Previously, differences in cortisol metabolite excretion between men and women have been attributed to alterations in 11ß-hydroxysteroid dehydrogenases. Whether this reflects enhanced inactivation of cortisol to cortisone by 11ßHSD2 or impaired reactivation of cortisone to cortisol by 11ßHSD1 in women had not been tested. However, it was assumed that lesser 11ßHSD1 activity in women was responsible on the basis of studies in rats suggesting that only 11ßHSD1 is regulated by other hormones, including down-regulation by estrogen (17, 20, 21).

In the present study, ratios of urinary cortisol/cortisone (26, 27) suggest that conversion of cortisol to cortisone by renal 11ßHSD2 activity is lower, rather than higher, in women than men. Therefore, differences in 11ßHSD2 could not explain lower ratios of cortisol/cortisone metabolites; this is consistent with the hypothesis that these differences reflect sexual dimorphism in 11ßHSD1 activity. However, we also made a more specific assessment of hepatic 11ßHSD1 activity by measuring the conversion of cortisone administered orally into cortisol in the peripheral circulation. The rate of appearance of cortisol is lower when 11ßHSD1 is inhibited, e.g. by carbenoxolone (32), but is not influenced by 11ßHSD2 activity (33). The lack of sexual dimorphism in the rate of appearance of cortisol in the present study suggests that 11ßHSD1 activity is not different in men and women.
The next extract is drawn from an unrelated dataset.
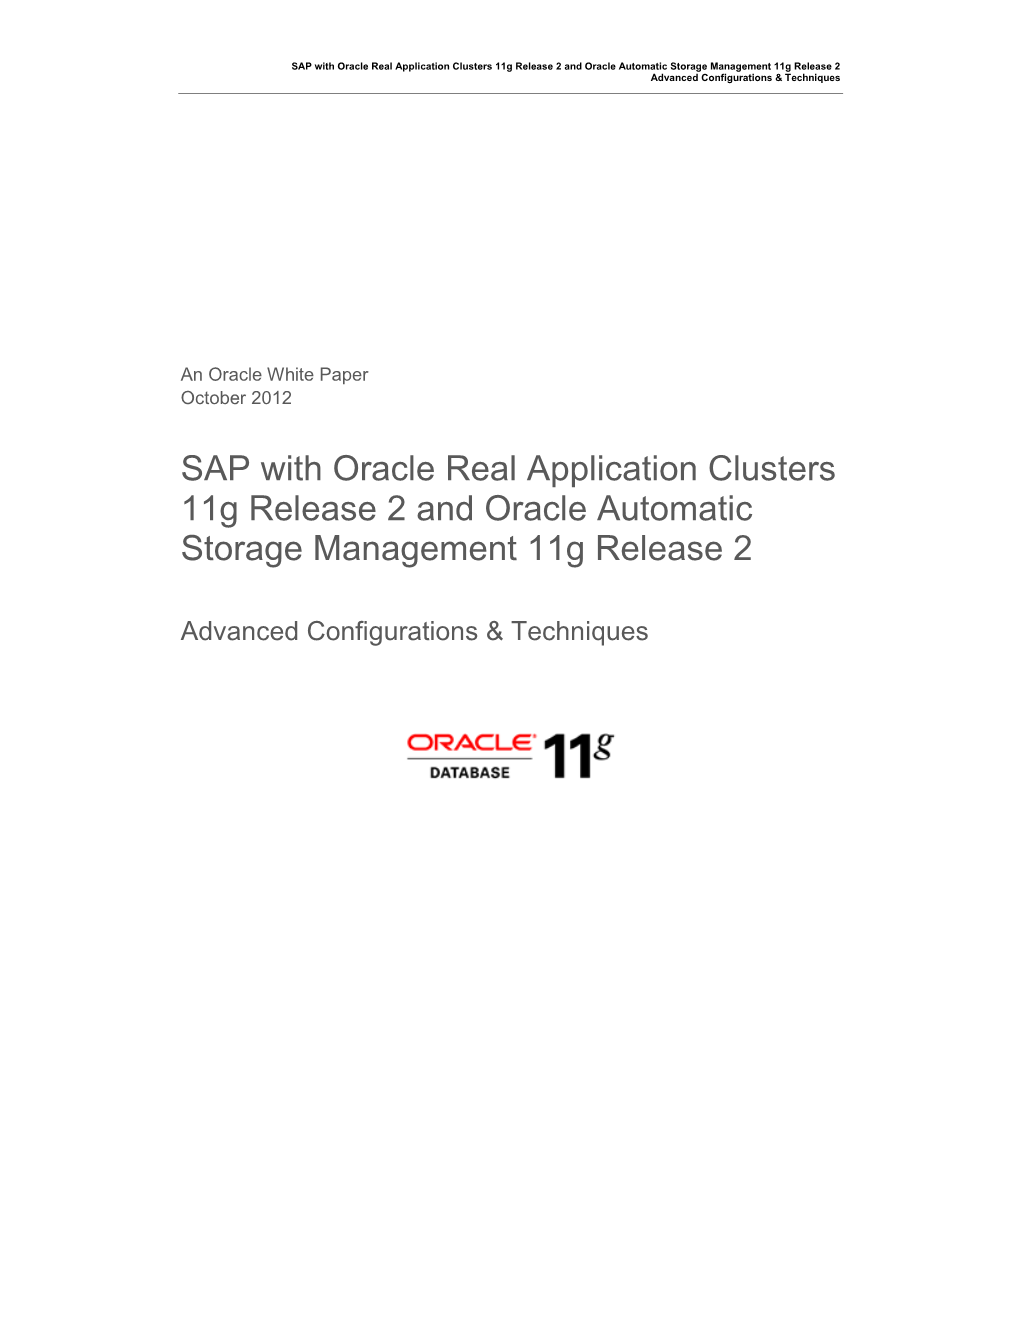 SAP with Oracle Real Application Clusters 11G and Oracle Automatic

Moreover, in marked contrast with dramatic changes over a similar time course in rats (17, 21), changes in estrogen levels in women during the menstrual cycle were not associated with alterations in any index of 11ßHSD1 activity.
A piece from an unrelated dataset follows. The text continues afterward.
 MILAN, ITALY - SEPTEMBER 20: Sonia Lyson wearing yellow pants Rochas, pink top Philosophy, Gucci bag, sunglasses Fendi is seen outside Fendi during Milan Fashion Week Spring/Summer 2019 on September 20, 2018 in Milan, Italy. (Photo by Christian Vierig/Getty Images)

The present data suggest an alternative explanation for the disproportionately low excretion of tetrahydrocortisols in women. As previously described in postmenopausal (14) and hypopituitary (23) women, the excretion of cortisol and cortisone is similar or even increased in women compared with that in men; the differences are observed only in the A-ring reduced metabolites. Thus, the ratios of urinary metabolites suggest that rates of A-ring reduction of cortisol are lower in women than in men. This is substantiated by examining A-ring reduction of androgen metabolites. Lower A-ring reduction could also explain why cortisol is cleared less rapidly from plasma in women than in men after an oral dose of cortisone. Unlike postmenopausal women (14), this difference does not affect the 5ß-reduction of cortisone and could therefore account both for the lower ratio of tetrahydrocortisols/tetrahydrocortisone observed in young women (22), but not postmenopausal women (14), and for the trend toward higher urinary cortisol/cortisone in women in this study.
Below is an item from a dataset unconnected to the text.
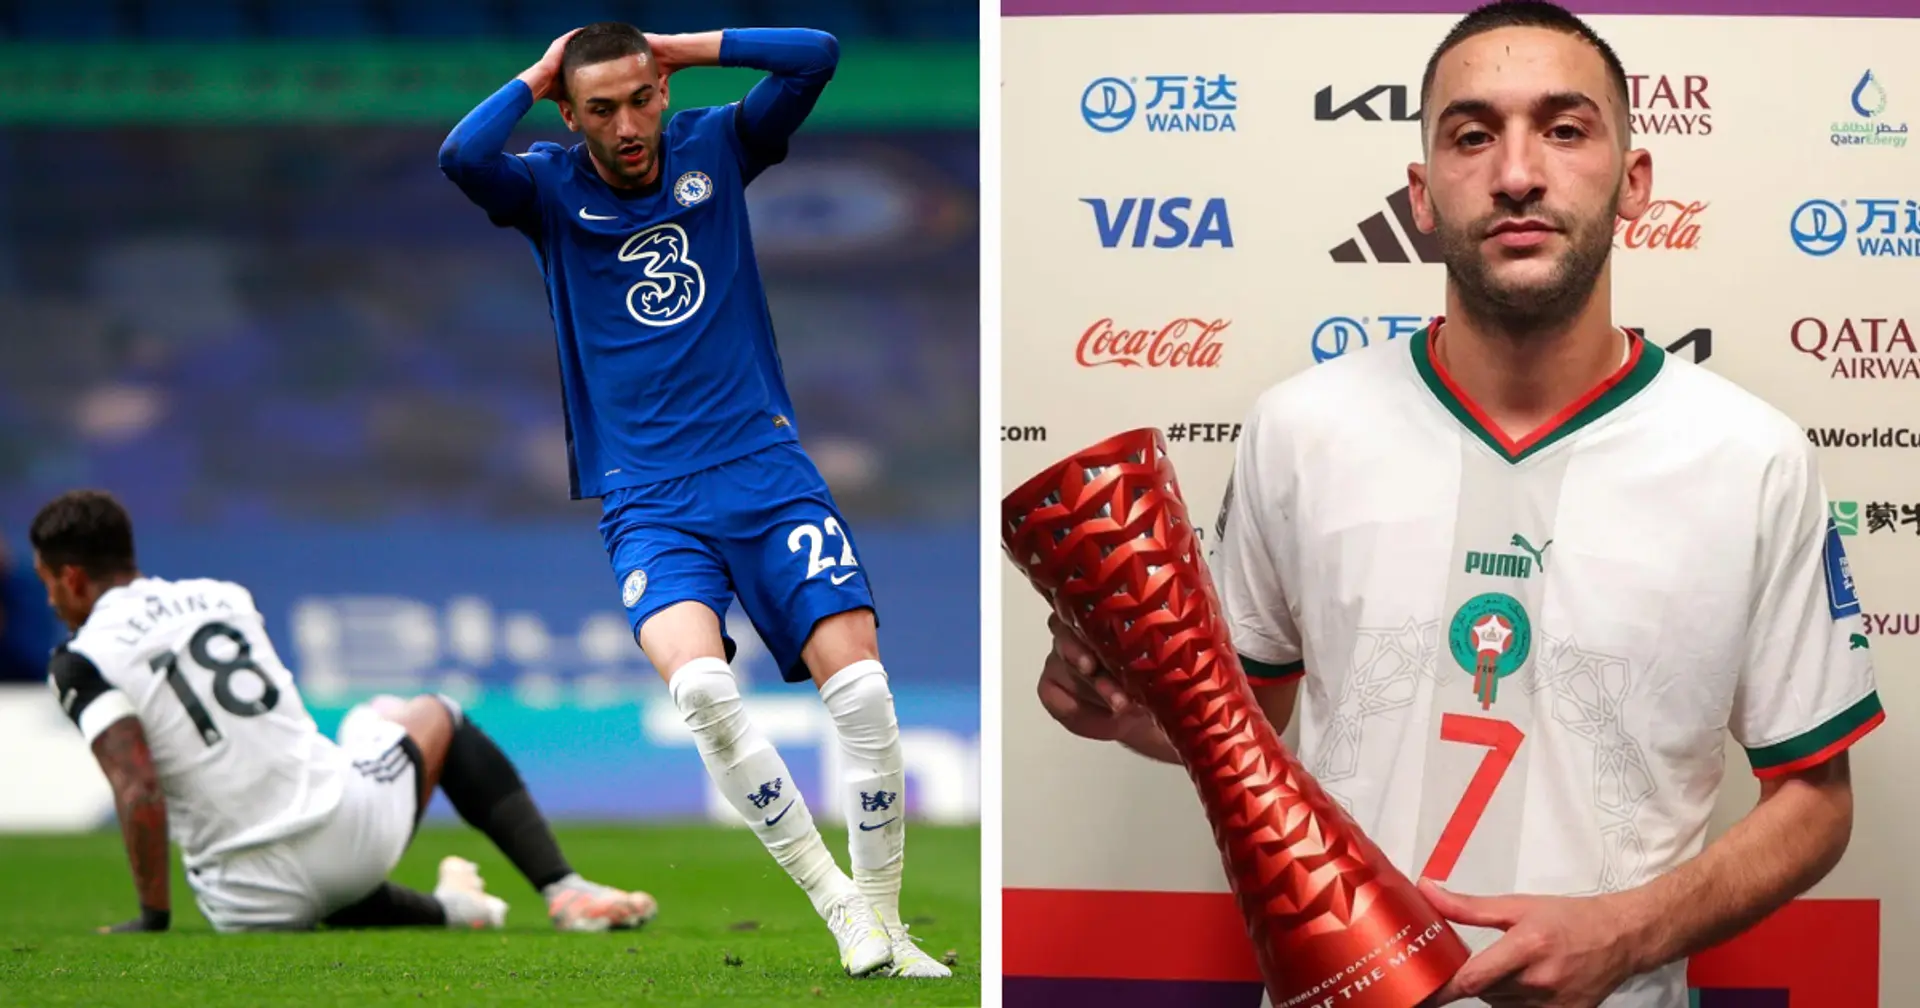 2 Chelsea players named Man of the Match at World Cup so far – both have underperformed for Blues

It is not clear why A-ring reduction of cortisol should differ between men and women. The principal enzymes involved are 5ß-reductase (34) and 5-reductase types 1 and 2 (35). 5ß-Reductase is expressed in liver and is involved in the metabolism of bile acids. Although there is some evidence that affinities for cortisol and cortisone/androgens can be separated by semipurification and subcellular fractionation in vitro (36, 37), there is no evidence that there is more than one 5ß-reductase active in vivo in man (38). 5ß-Reductase activity is lower in female than in male rat livers (39), but it is up-regulated by estrogen (40). 5-Reductase type 1, the principal isozyme in human liver and fat (41), is usually thought to be constitutive and not regulated hormonally (42, 43), but there is some evidence that this isozyme is down-regulated by androgens (44, 45) more so than by estrogen (46), so that its activity is higher in female liver (47) and adrenal (48). 5-Reductase type 2 is expressed mainly in the prostate and is up-regulated by androgens (35). These observations from animals predict that activities of 5ß-reductase may be lower, and hepatic 5-reductase may be higher, rather than decreased, in women. Moreover, the lack of acute effect of changes in gonadal steroids on urinary cortisol metabolite excretion in the current study suggests that the explanation for sexual dimorphism in A-ring reductases does not relate to acute gonadal steroid regulation in humans. An alternative explanation relates to the relative mass of tissues expressing A-ring reductases in men and women. It is not clear whether the prostate contributes substantially to A-ring reduction of cortisol, but, interestingly, finasteride, a relatively specific inhibitor of 5-reductase type 2, does alter the relative excretion of cortisol metabolites in men (49). The quantity and distribution of body fat may also be important, as 5-reductase type 1 is expressed in adipocytes and is more active in peripheral sc than central visceral fat in culture (41), although the contribution of adipose 5-reductase activity to cortisol clearance may be small. Previous studies suggest that increased visceral fat in men may be associated with greater 5-reductase activity (14). However, the current study is too small, and subjects within it too similar, to explore whether differences in body fat distribution might explain sexual dimorphism in cortisol metabolite excretion.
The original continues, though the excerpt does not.